● YOUR ASSIGNMENT:
Retype each line of the material exactly, please, skipping any picture in it.

● MATERIAL PROVIDED:
────

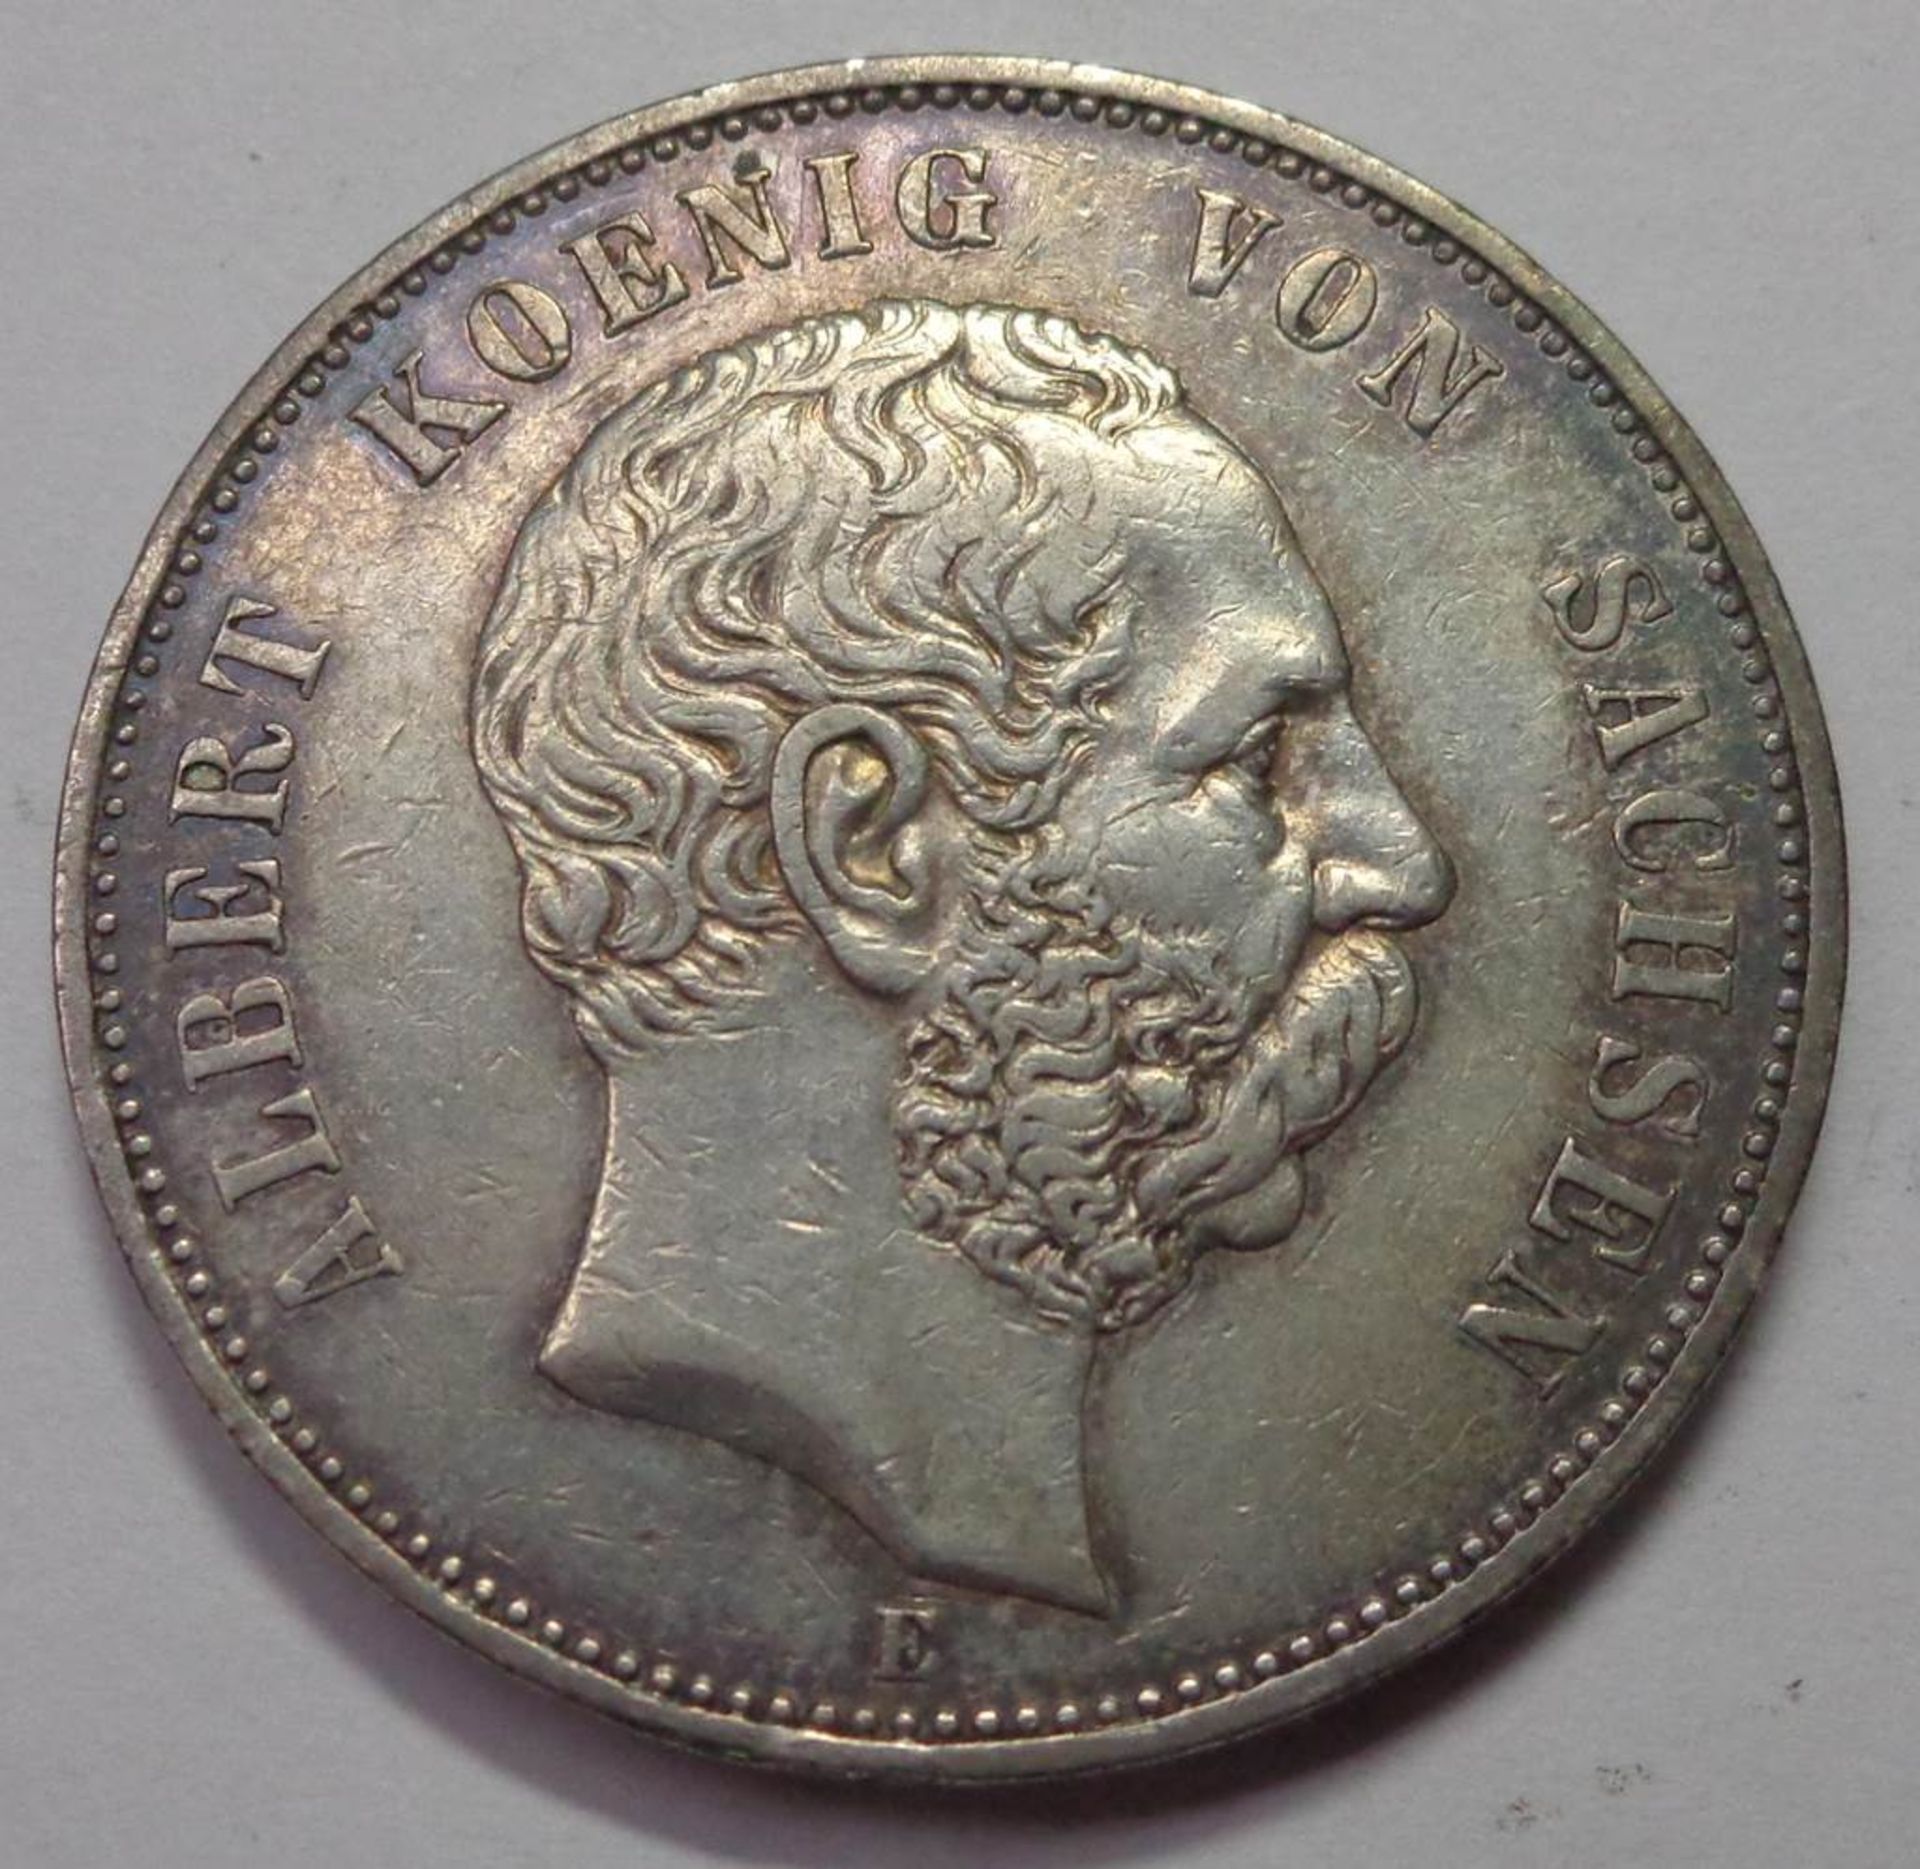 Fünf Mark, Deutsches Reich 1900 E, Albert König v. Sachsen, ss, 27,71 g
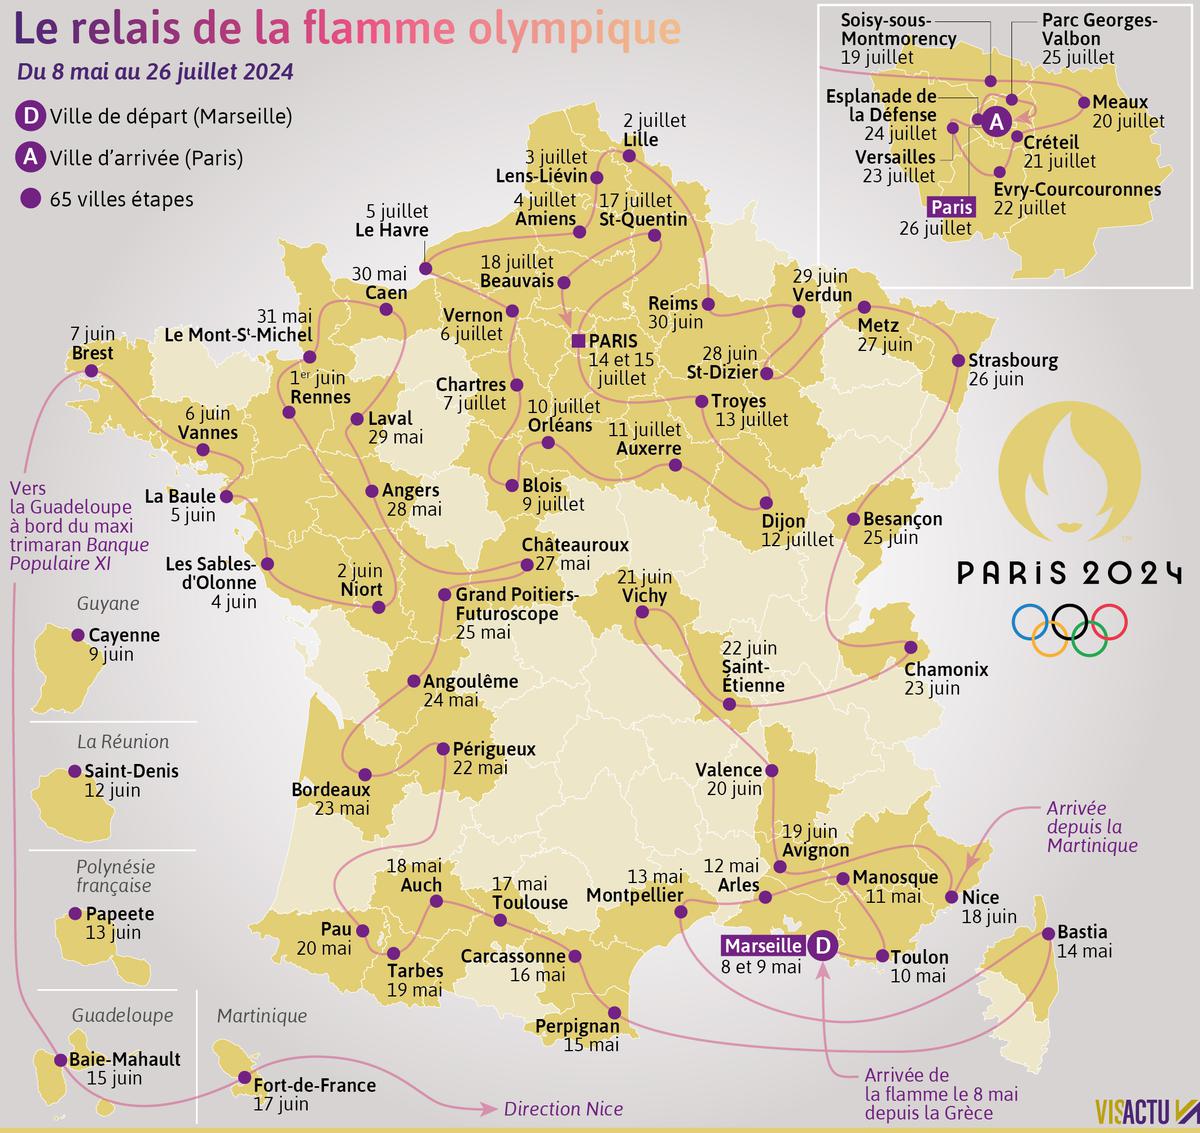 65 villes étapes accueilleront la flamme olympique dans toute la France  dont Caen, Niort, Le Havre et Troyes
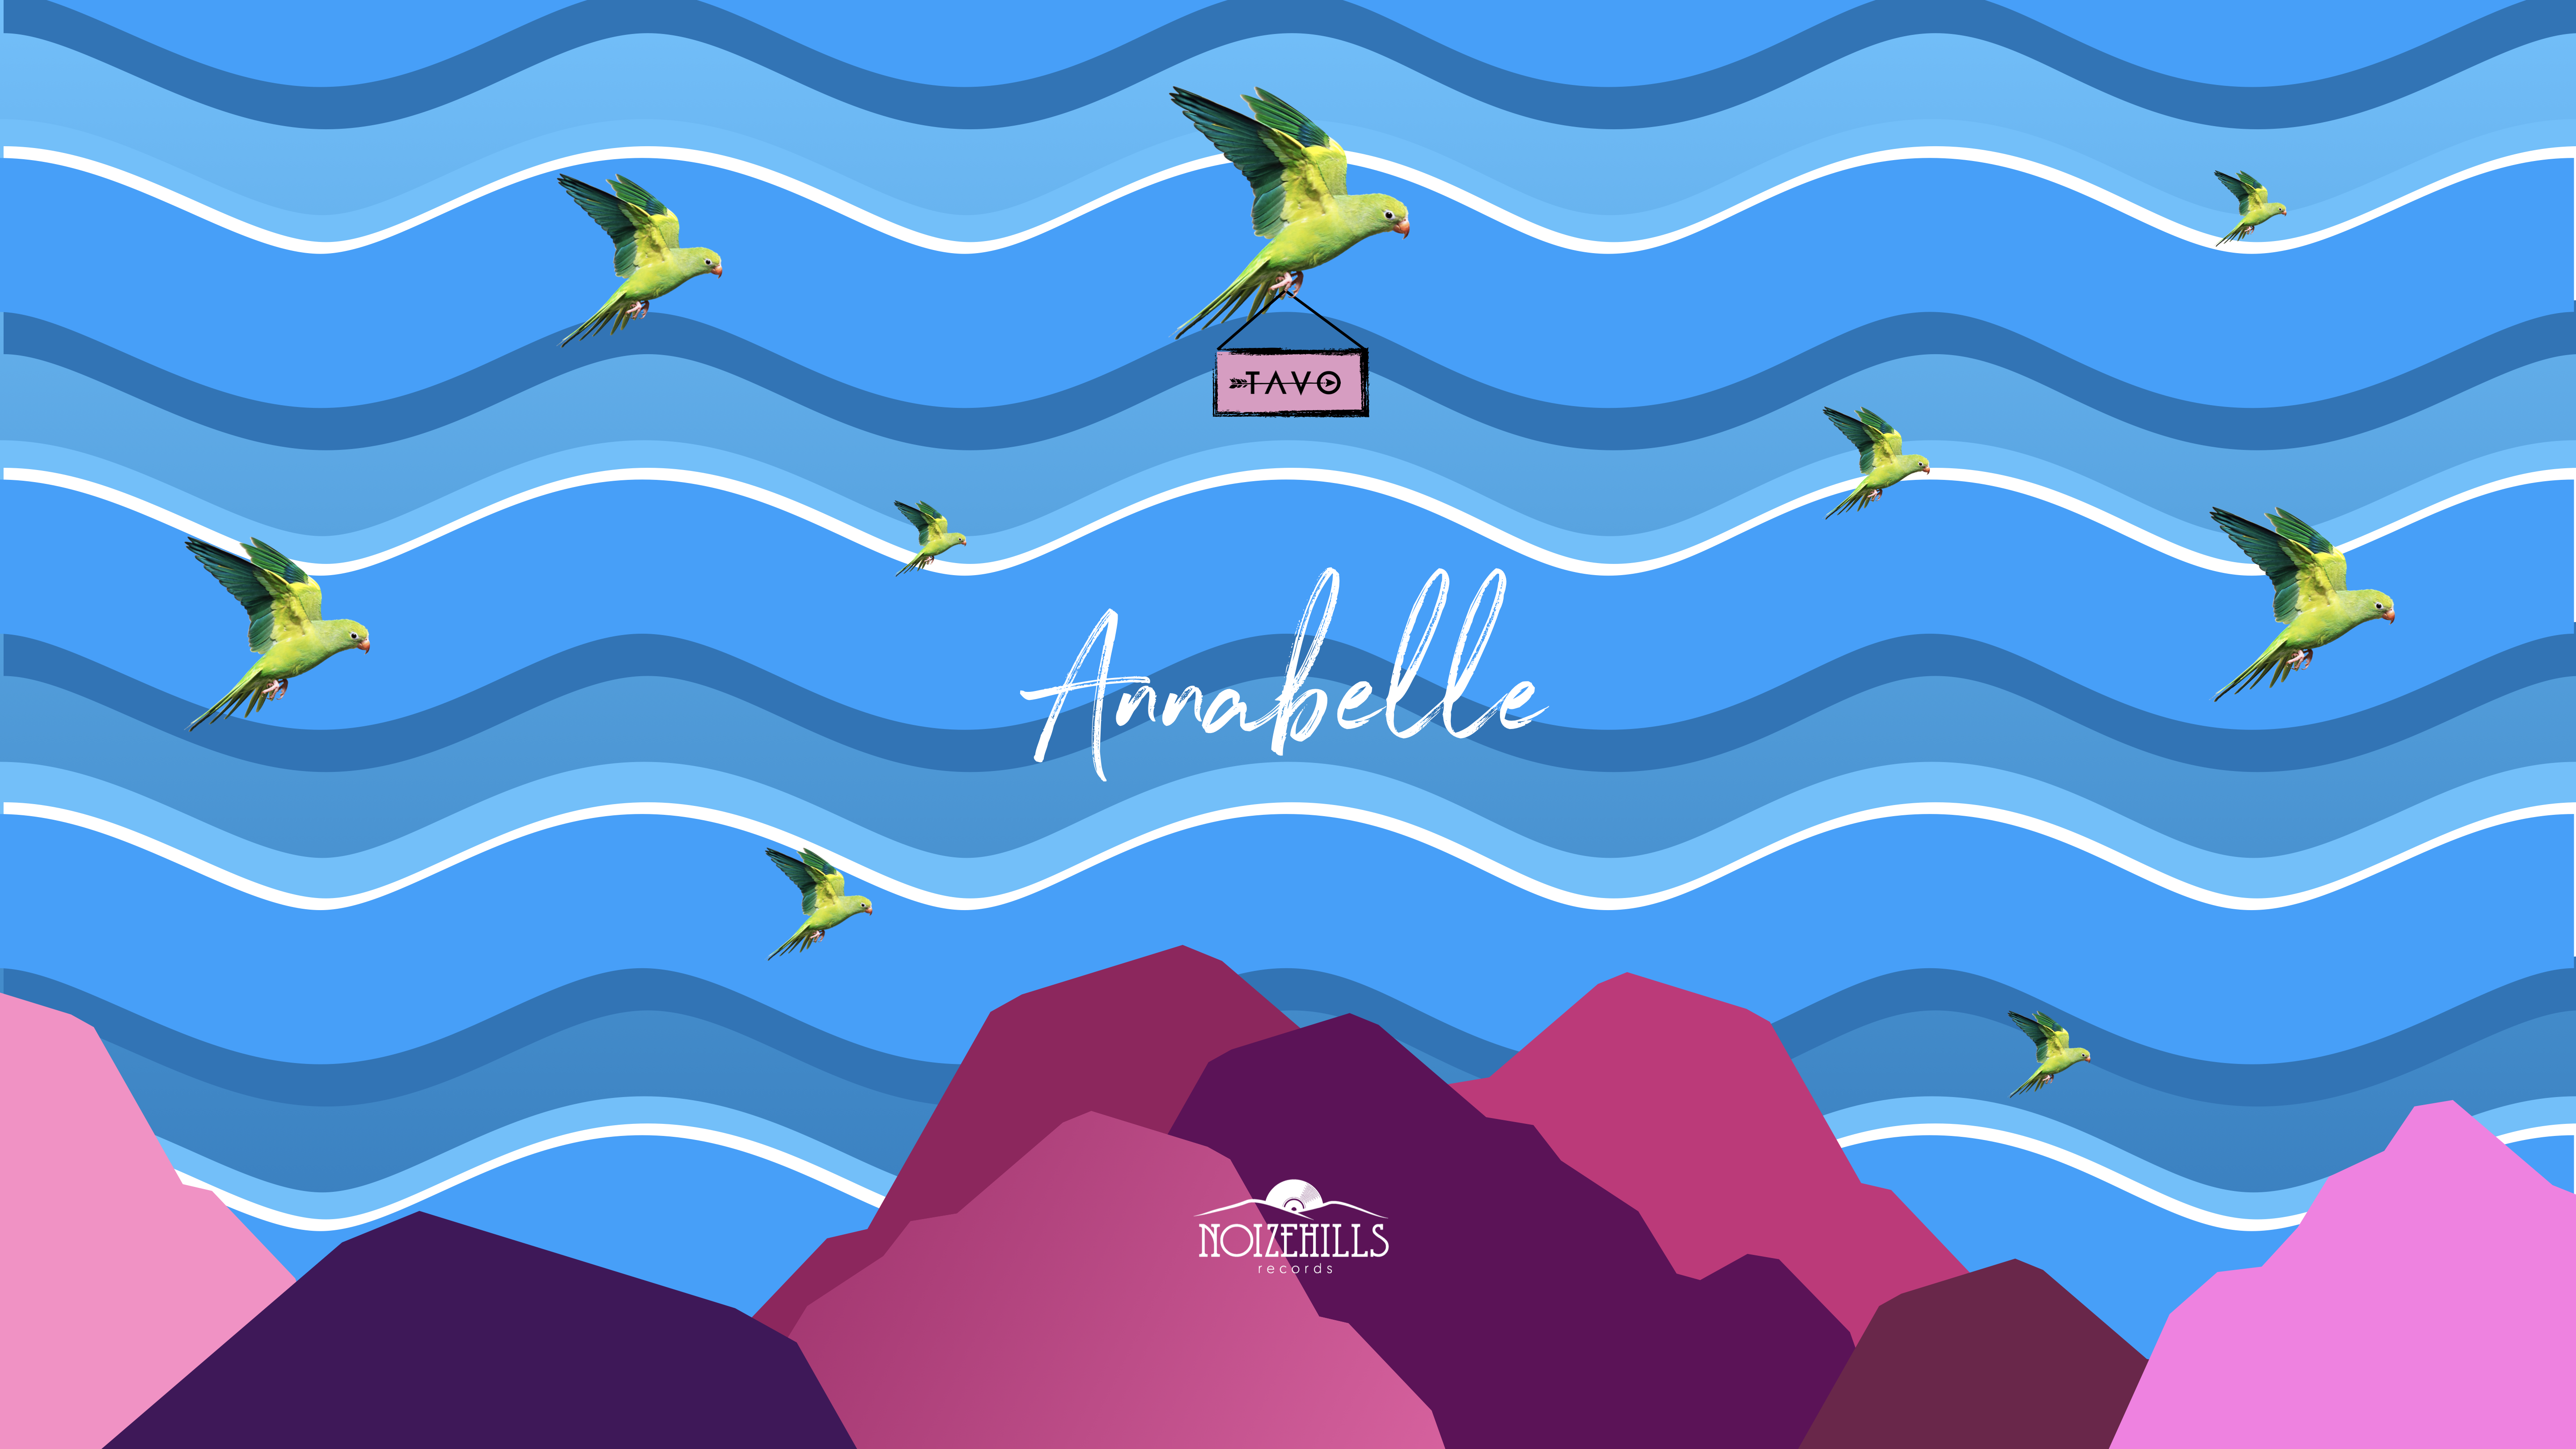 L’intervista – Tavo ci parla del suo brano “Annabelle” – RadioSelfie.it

────

● EXPECTED ANSWER:
 Fünf Mark, Deutsches Reich 1900 E, Albert König v. Sachsen, ss, 27,71 g
 65 villes étapes accueilleront la flamme olympique dans toute la France  dont Caen, Niort, Le Havre et Troyes
 L’intervista – Tavo ci parla del suo brano “Annabelle” – RadioSelfie.it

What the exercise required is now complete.